Ну уж дудки! Гнев был выстраданным, вынянченным и чугунное уныние, гнущее к земле, сейчас как никогда имело право на существование!
— Я в двух шагах от преисподней, вот что стряслось, — буркнул Андрей, поднявшись с кровати. Поднял с пола опустевшую сумку и начал запихивать в нее разбросанные вещи.
— Несколько дней назад ты в нее даже не верил.
— И был вполне счастлив!
— Правда?
Андрей насупился.
— Я понимаю, — сочувственно кивнул Азариил. — Но безгрешные души не наследуют ад. Люди сами обрекают себя на него.
— И чем же я заслужил? Чем? Жил как все, а может, и лучше: не убивал, не воровал, — Андрей задохнулся от захлестнувшей его детской обиды.
— Блуд, гордыня, чревоугодие, — ангел принялся загибать пальцы, — жестокосердие, безбожие, бесстыдство, сребролюбие, лжесвидетельство, презрение и отсутствие милосердия к ближним своим, празднословие…
— Замолчи.
— Не убеждает?
— Нет! Все так живут.
— Вот-вот, и ни тени смирения.
— Какого смирения?! — взвыл Андрей. — Тебя послушать, так рай у вас исключительно для дремучих церковных старух да целомудренных монашек.
— Ты хочешь в рай? — уточнил Азариил.
— А пустят?
Ангел устремил серьезный взгляд в потолок:
— Блажен, кто верует.
Андрей расценил его слова как издевку и досадливо фыркнул.
— Господь пришедый не праведныя призвати, но грешныя в покаяние, помилует, ущедрит и простит их, — веско добавил Азариил.
В покаяние?..
Получасом раньше необходимость копаться в грязном белье собственной души, перетряхивая исподнее и вывешивая его на чье-либо обозрение, вызвала бы бурю возмущения. Ошибки совершают все, да и поступают порой наперекор совести — многие. И если потом бывает стыдно, то всегда найдется дюжина самооправданий. Но ошибками можно оправдать что угодно, от неудачной женитьбы и до убийства: ну, вспылил, был не прав, вешаться теперь, что ли? Крест всю жизнь тащить?.. Ошибка — это несерьезно, это так: мимоходом, играючи кому-нибудь навредить — и, виновато улыбнувшись, удалиться. А грех — тяжелый камень, влекущий ко дну.
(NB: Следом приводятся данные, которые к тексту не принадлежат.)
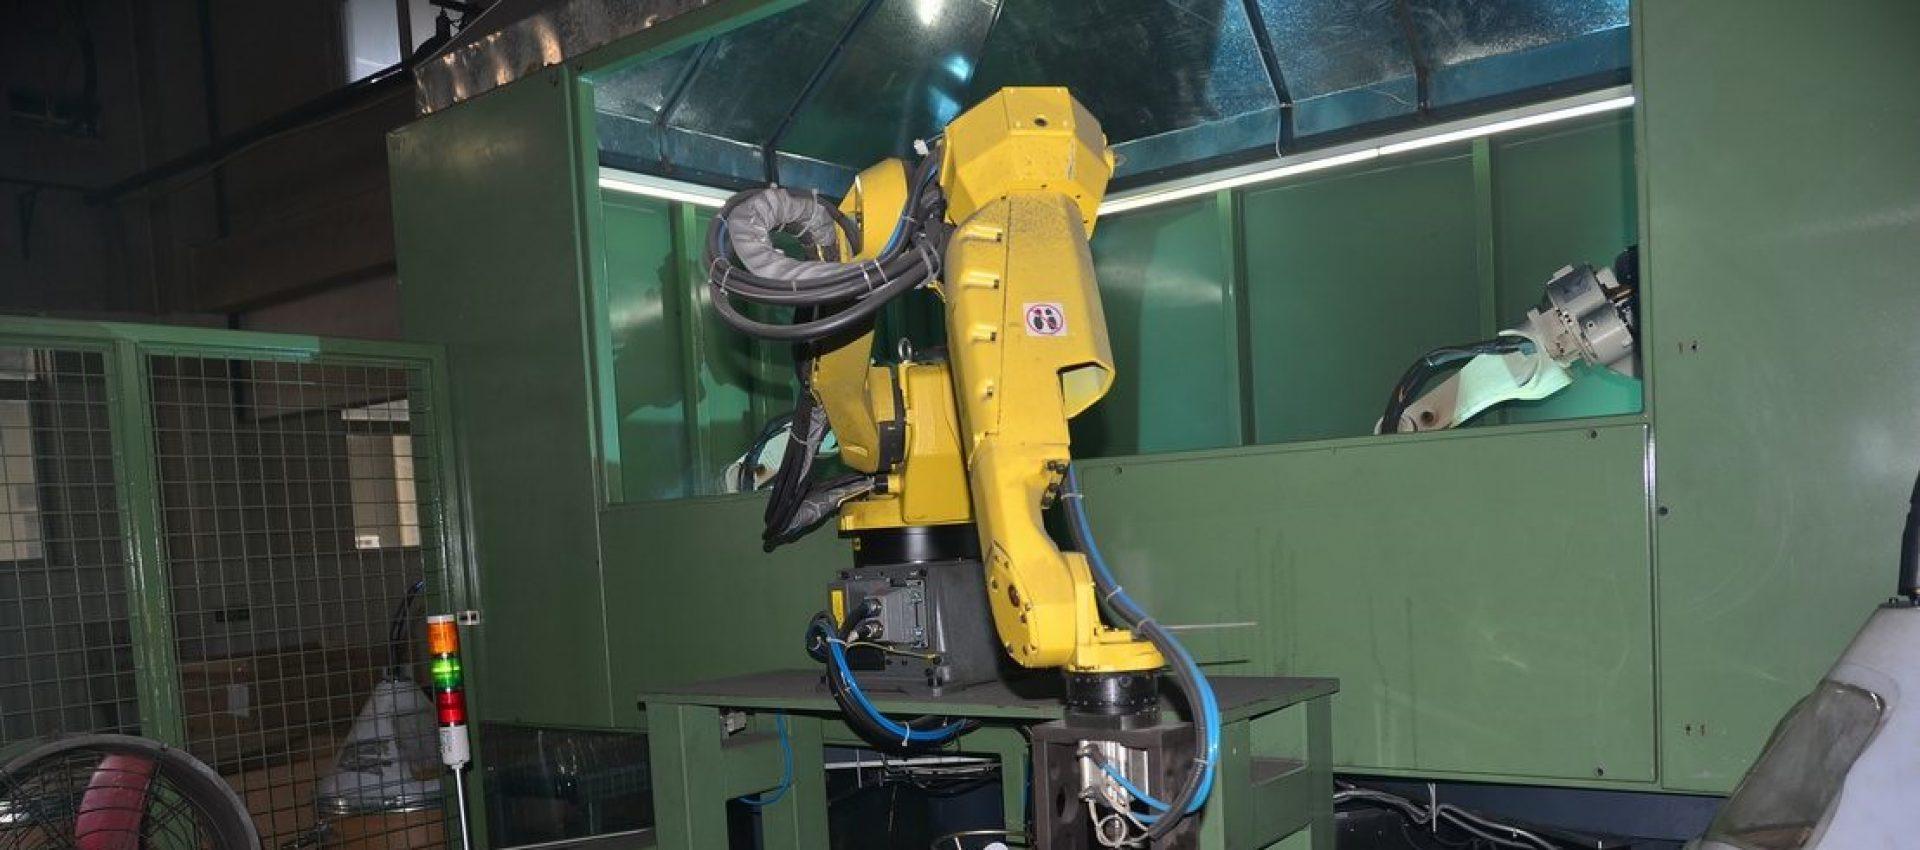 Huayi Compressor

И Андрей вдруг с невероятной ясностью осознал, откуда подчас берется в нем это тошнотворное омерзение, эта нестерпимая неприязнь к самому себе. Присутствие ангела немыслимым образом превращало ошибки в грехи.
Вот и сейчас сделалось тяжело, невыносимо.
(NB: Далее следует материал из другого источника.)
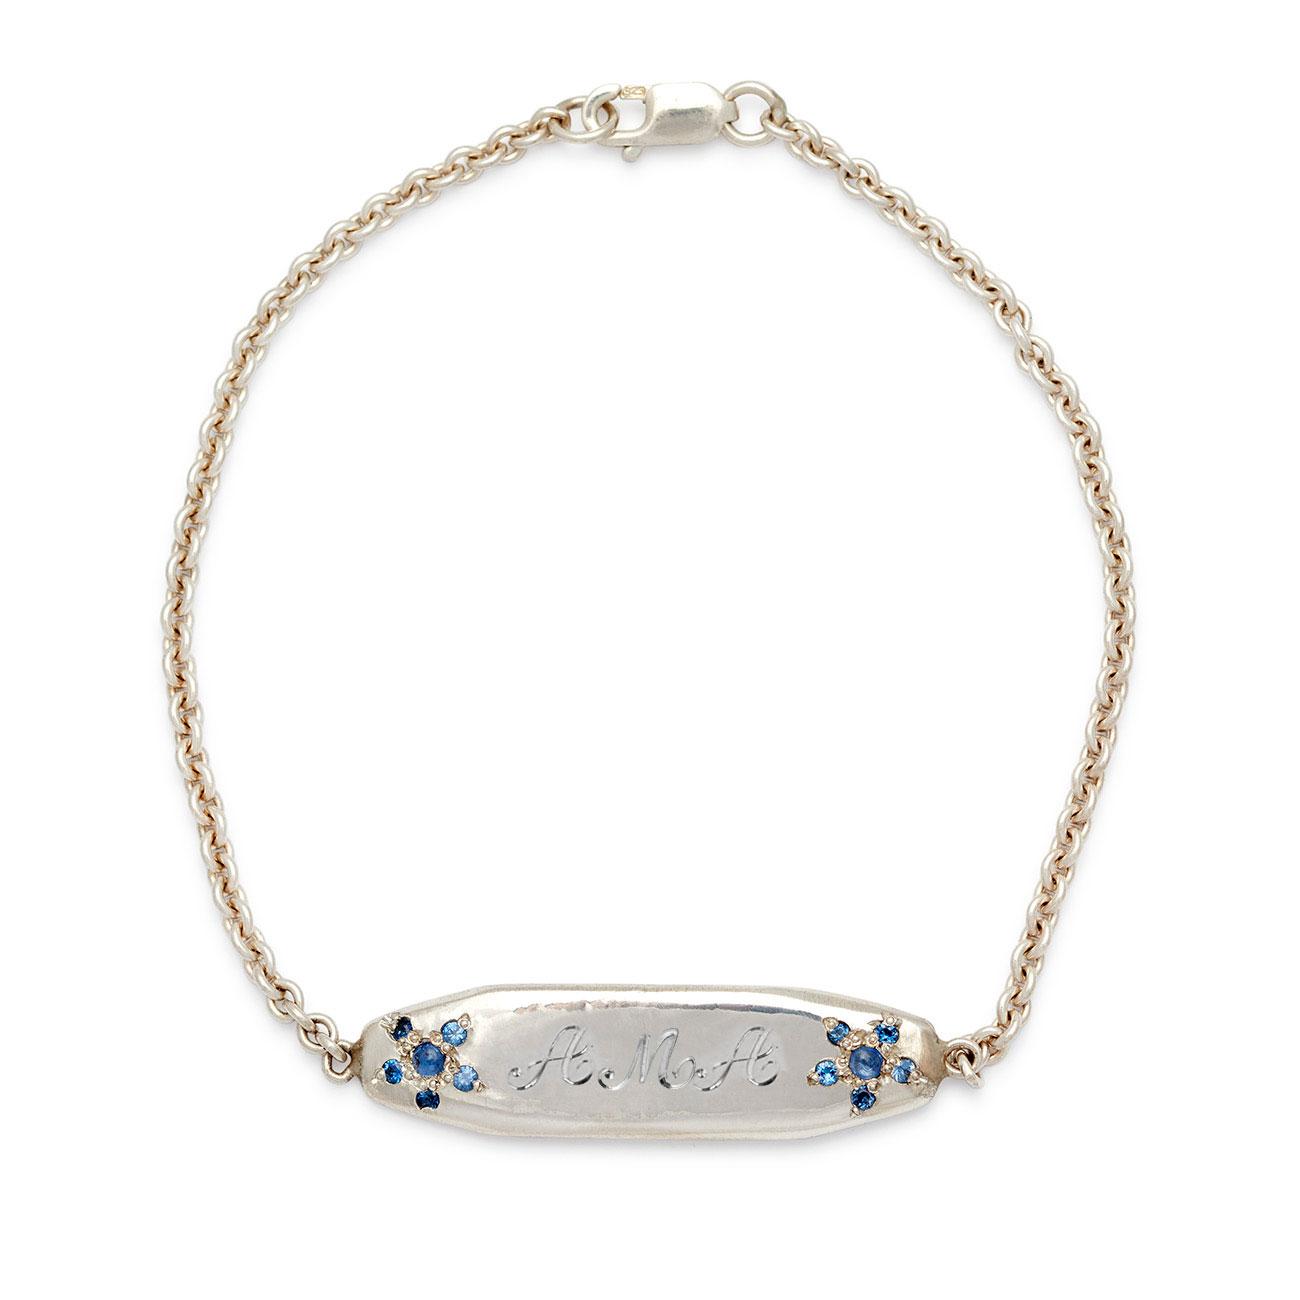 blue sapphire flower id bracelet elisa solomon jewelry. Black Bedroom Furniture Sets. Home Design Ideas

— Мне, как Варе, начать распевать псалмы? — зло осведомился Андрей, обороняясь. — Или раздать имущество бездомным и удалиться в пустыню?
— А ты хоть раз нищим подавал?
— Пьянчугам и бомжам на чекушку? Это, по-твоему, доброе дело? Лезут отовсюду с протянутой рукой — а на самих пахать можно! Или мамаши настрогают детей, а потом ноют: мол, подайте Христа ради на пеленки! А чем она думала, когда столько рожала? Кто ее выводок содержать должен? Я? Или муж, который тут же, в соседней подземке разухабисто наяривает на баяне? Где-то, наверное, есть и вправду заслуживающие помощи, но как их найти среди лжецов и лицемеров?
— То есть милосердие непременно требует справку о недееспособности?
— Я считаю: надо честно. Кто заслуживает, тот и получает.
— О заслугах поговорим отдельно? — предложил Азариил терпеливо. — Рожденный в богатой семье талантливый мальчик, живущий на всем готовом, высокомерный, корыстный, своенравный, тщеславный, а часто и грубый. Он выносит вердикт людям, полагая свои дарования и успехи более приемлемыми в обществе, чем, скажем, многодетность. Он берет на себя смелость судить, руководствуясь лишь беглым взглядом на человека и предубеждениями…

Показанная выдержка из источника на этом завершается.